Earlier, efforts to introduce GST from the next fiscal received a setback after states opposed the original draft Bill to amend the Constitution in its present form, saying it provides a veto power to the Union Finance Minister in matters relating to state subjects.
    
"This proposed draft Constitution Amendment Bill related to GST in its present form is not acceptable to the states," Asim Dasgupta, the Chairman of the Empowered Committee of State Finance Ministers on GST, had said after a meeting of the panel.
    
He had said states are against infringement on their financial autonomy and have certain reservations on the draft Bill's provisions for the GST Council and the GST Disputes Authority.
    
The draft had proposed a GST council that would have members from the states and the Centre, with veto power given to the Union Finance Minister.
    
For any dispute, there would also be a dispute authority, according to the proposed draft.
    
States fear that giving a veto power to the Union Finance Minister on state taxation issues would curb their fiscal autonomy.

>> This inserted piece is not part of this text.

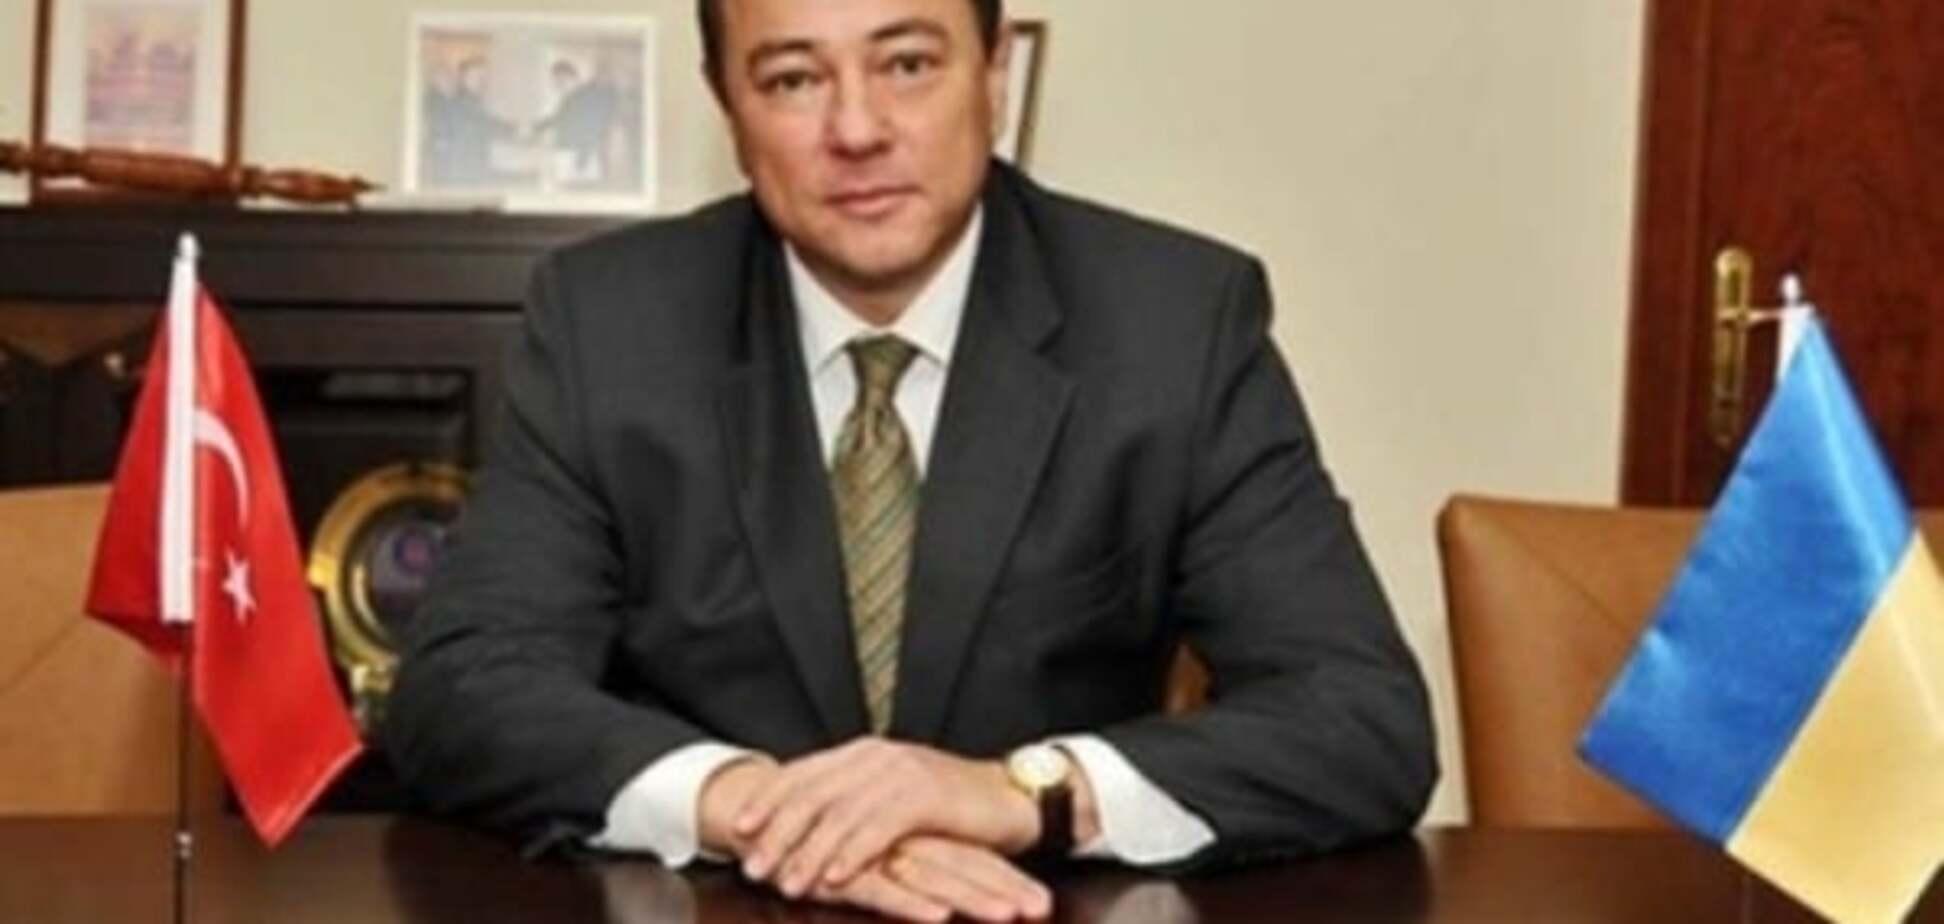 В ближайшие часы узнаем: посол Украины пока не знает, кто контролирует власть в Турции
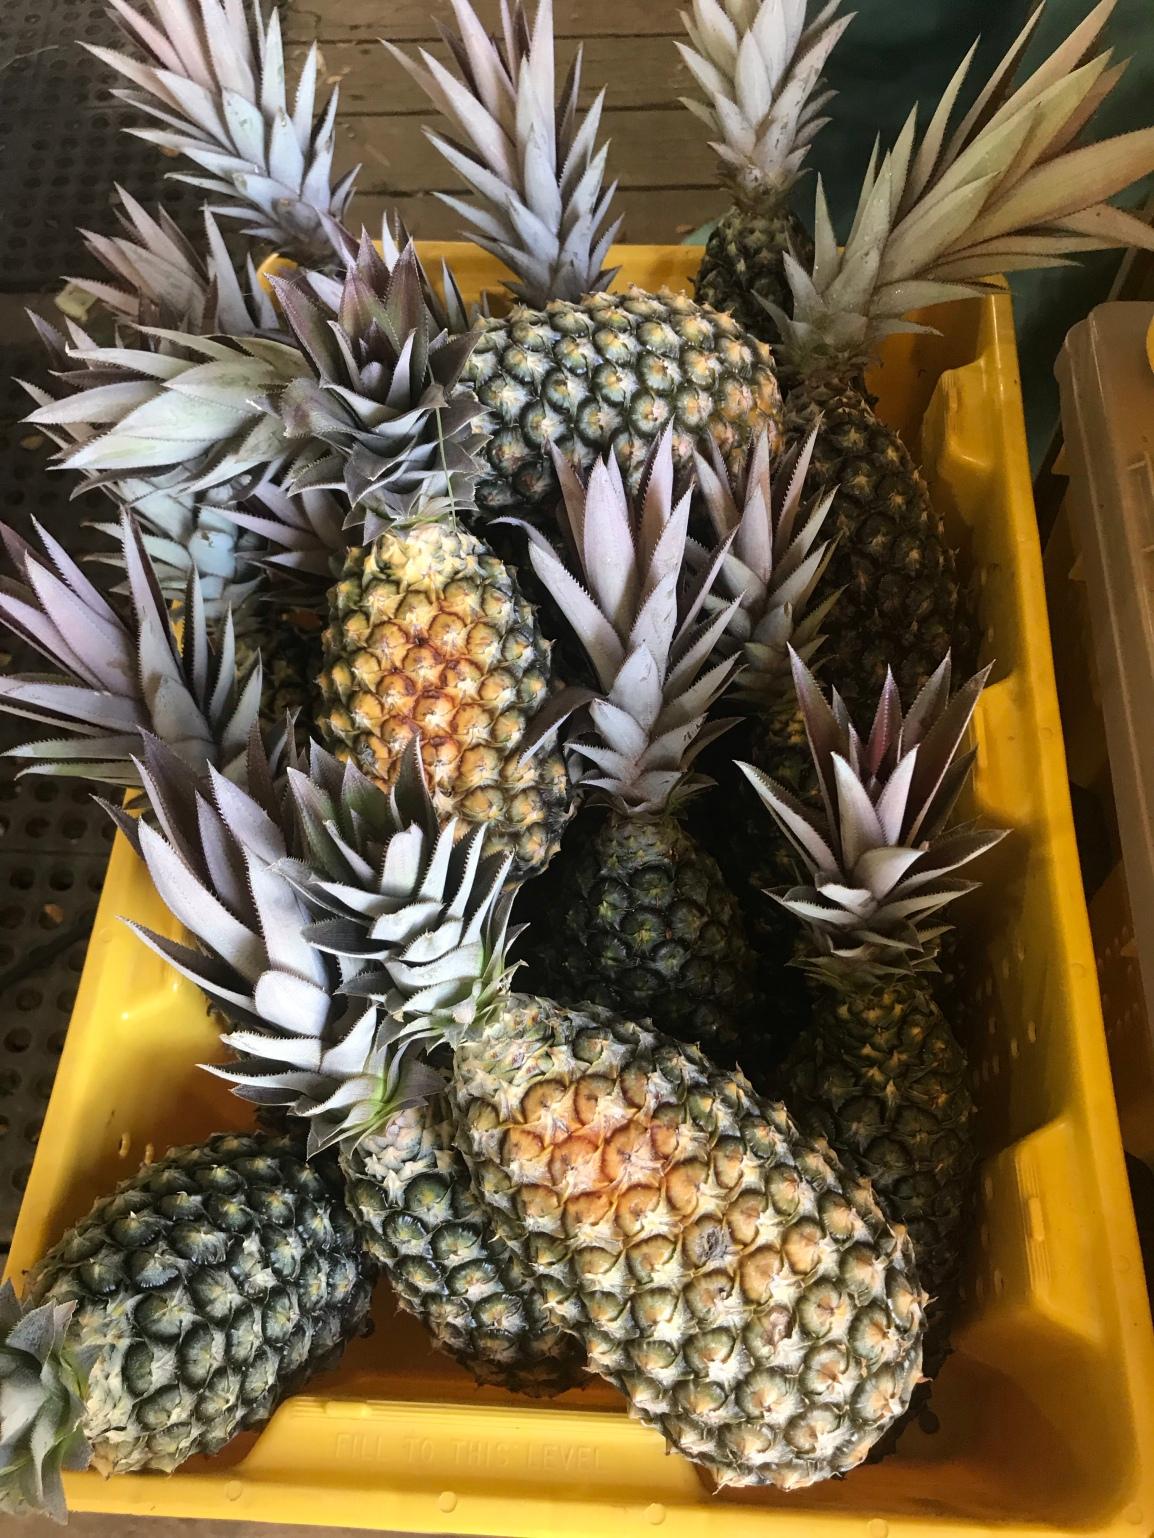 ARTfarm Pineapple Pop-Up Tuesday AfterWork!

Dasgupta added that states also feel the GST Disputes Authority should not find a place in the Constitution Amendment bill and may be incorporated in GST legislations.
    
Later, Mukherjee said he doesn't intend to be a "Super Finance Minister".
    
"I have no intention of becoming the super Finance Minister to interfere with the state GST," he had said in Parliament during debates in the Rajya Sabha and Lok Sabha.
    
"They (states) will have their rights and I shall have my rights... They have a responsibility to their states. That basic structure cannot be altered," he had said, replying to a debate in the Rajya Sabha on the price situation.
    
After that meeting, the Finance Ministry started redrafting the Constitution Amendment Bill to allay states' fears over the veto power given to the Union Finance Minister.
    
GST, the new indirect tax regime, will subsume excise duty and service tax at the central level and value-added tax at the state level, besides cess, surcharges and local taxes.
    
Last month, Finance Minister Pranab Mukherjee proposed a three-tier structure for GST -- 20 per cent for goods, 12 per cent for essential goods and 16 per cent for services.
    
The differences between the Centre and states over the GST structure has already delayed its introduction by a year. Against the original schedule for implementation this financial year, it is now proposed to be introduced in 2011- 12.